Орион подождал, пока все выйдут. Гарри, не зная, куда деться, присел на первую парту: так он вроде был готов к разговору, но намекал, что нужно поторопиться. Орион встал рядом с ним: он смотрел на Гарри сверху вниз, но это больше не пускало волну мурашек по спине Гарри. Это было почти привычно.

— Так что случилось?

— Это по поводу Альфарда.

Гарри вздохнул. Орион давно уже не подходил к нему, чтобы обсудить кузена: обычно они говорили о Патронусах или чем-то отвлеченном, подходящем к беседе в компании старшекурсников. Гарри уже и думать забыл про Альфарда и его семейные тяжбы: гораздо сильнее его волновал Том.

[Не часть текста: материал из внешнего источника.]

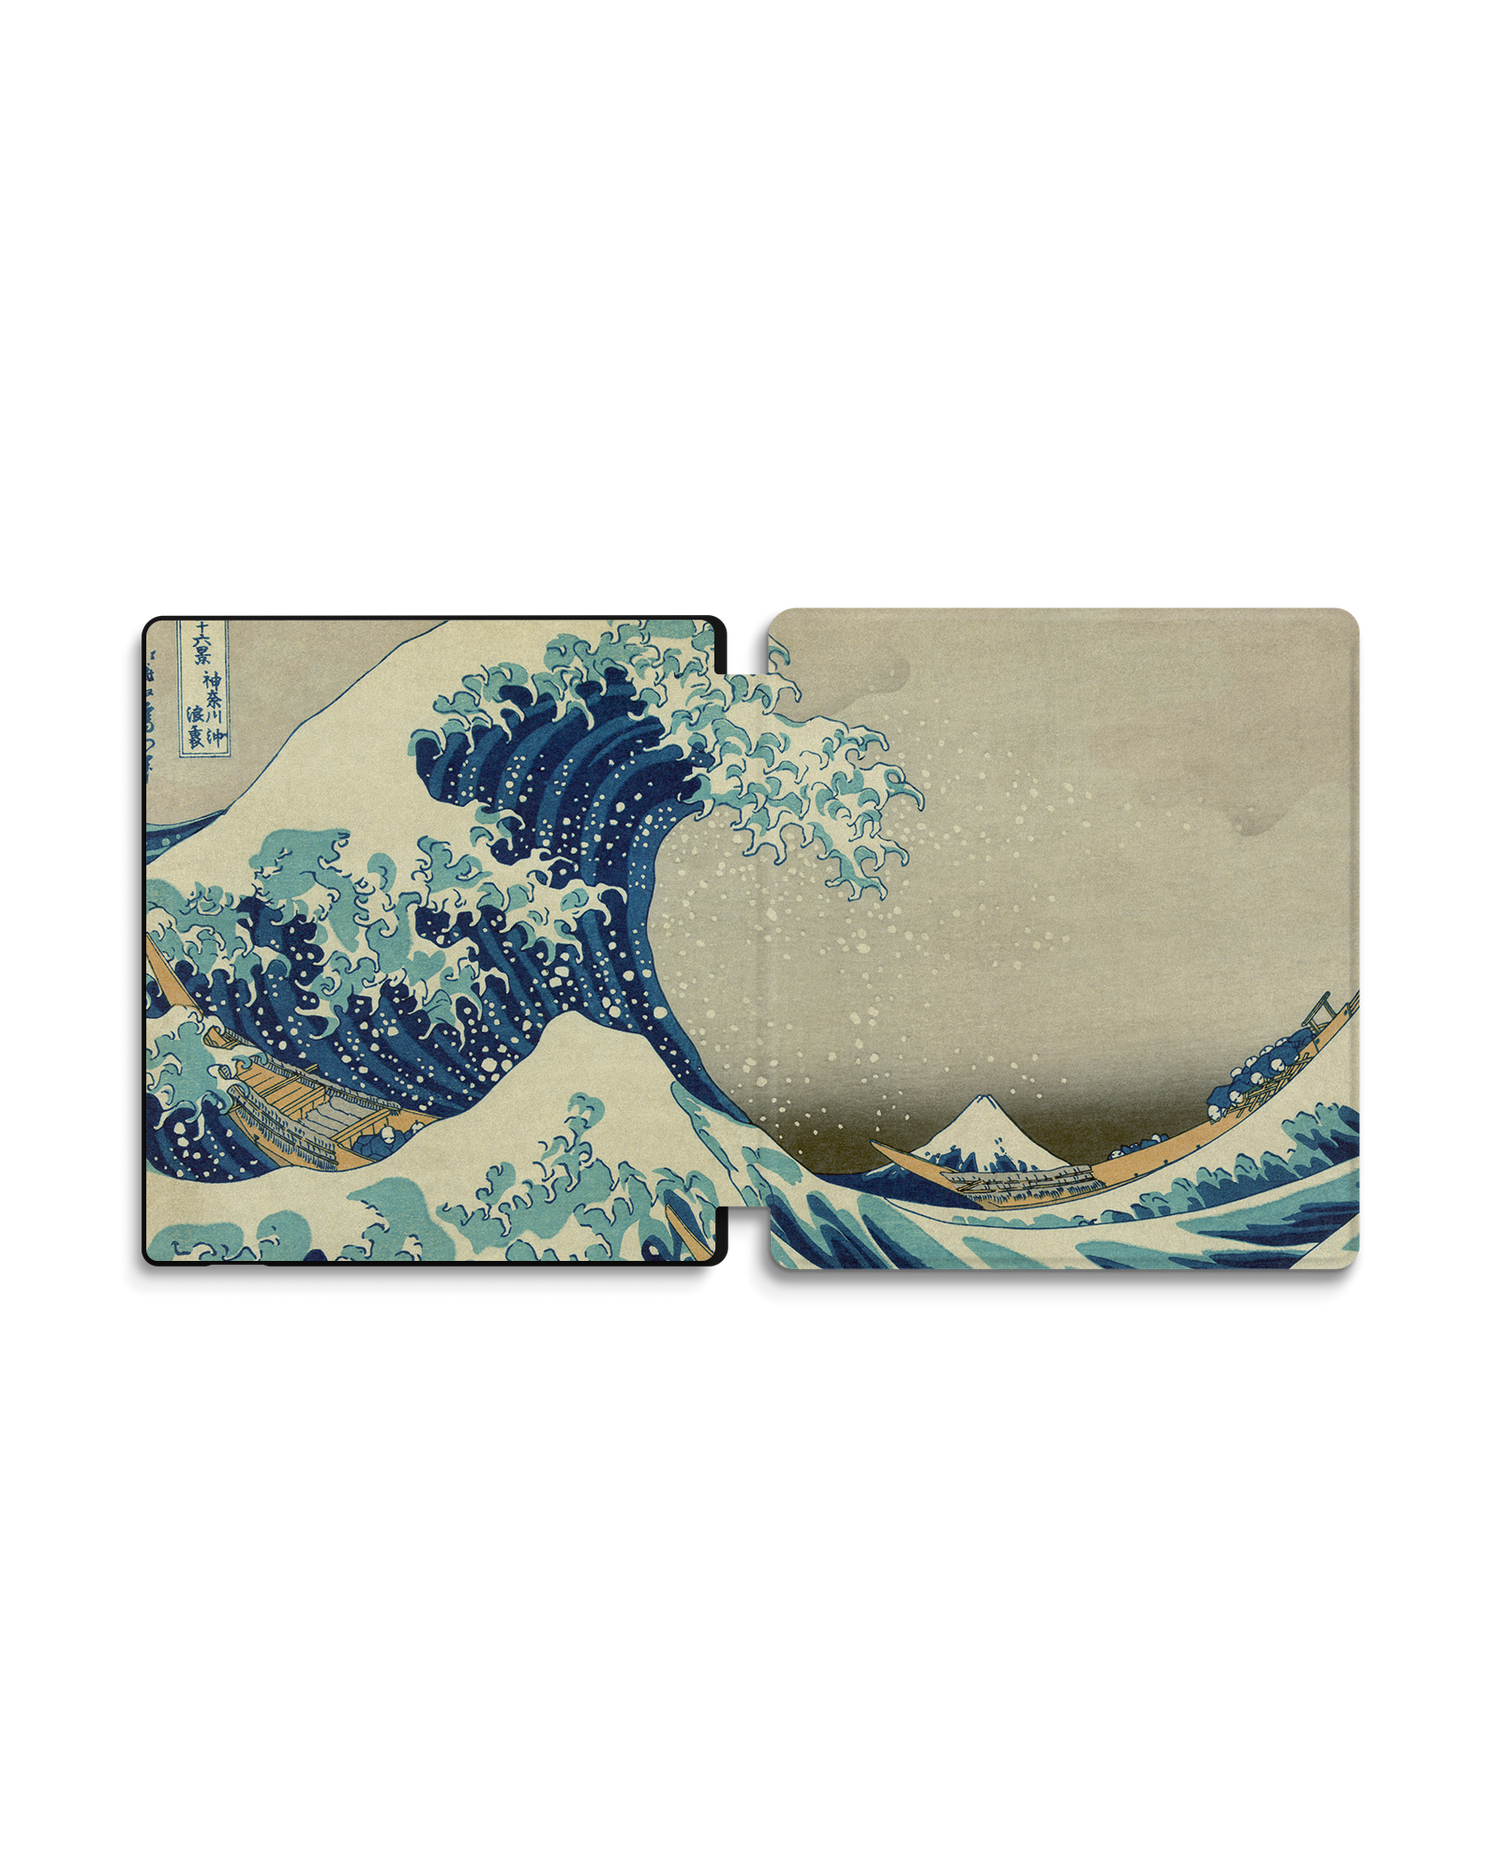 Great Wave Off Kanagawa By Hokusai eBook Reader Smart Case für Amazon Kindle Oasis: Geöffnet Außenansicht

— Почему ты говоришь об этом со мной? — спросил Гарри прямо. — Почему не с профессором Слизнортом? Он знает слизеринцев гораздо лучше меня.

Орион оперся о парту одной рукой.

— Вы мне нравитесь, — честно и тихо сказал он. — Вам нет дела до моей семьи. А профессор Слизнорт… Он слишком дружен с моим отцом.

— Ты не хочешь, чтобы твой отец знал об этом?

— О, он знает, — Орион улыбнулся ему. — Альфард больше не самый младший в нашей семье. У него появился маленький братик.

Еще один Блэк, значит. Гарри попытался вспомнить их древо. Вероятно, младший брат Альфарда станет отцом для трех сестер Блэк. Для той, что убьет Сириуса.

— Ты рад этому?

— Как сказать. Теперь родители Альфарда будут ждать, что он оправдает звание первенца, и начнут их сравнивать. Конкуренция в семье редко приводит к чему-то хорошему. А если Альфард продолжит делать то, чем занимается сейчас, может сложиться довольно некрасивая ситуация.

— Думаю, они уже сравнивают его с тобой, — Гарри покачал головой. — Он всего лишь второкурсник. Зачем втягивать его?

— В первую очередь он Блэк.

— Он просто мальчик. Все в этом возрасте такие.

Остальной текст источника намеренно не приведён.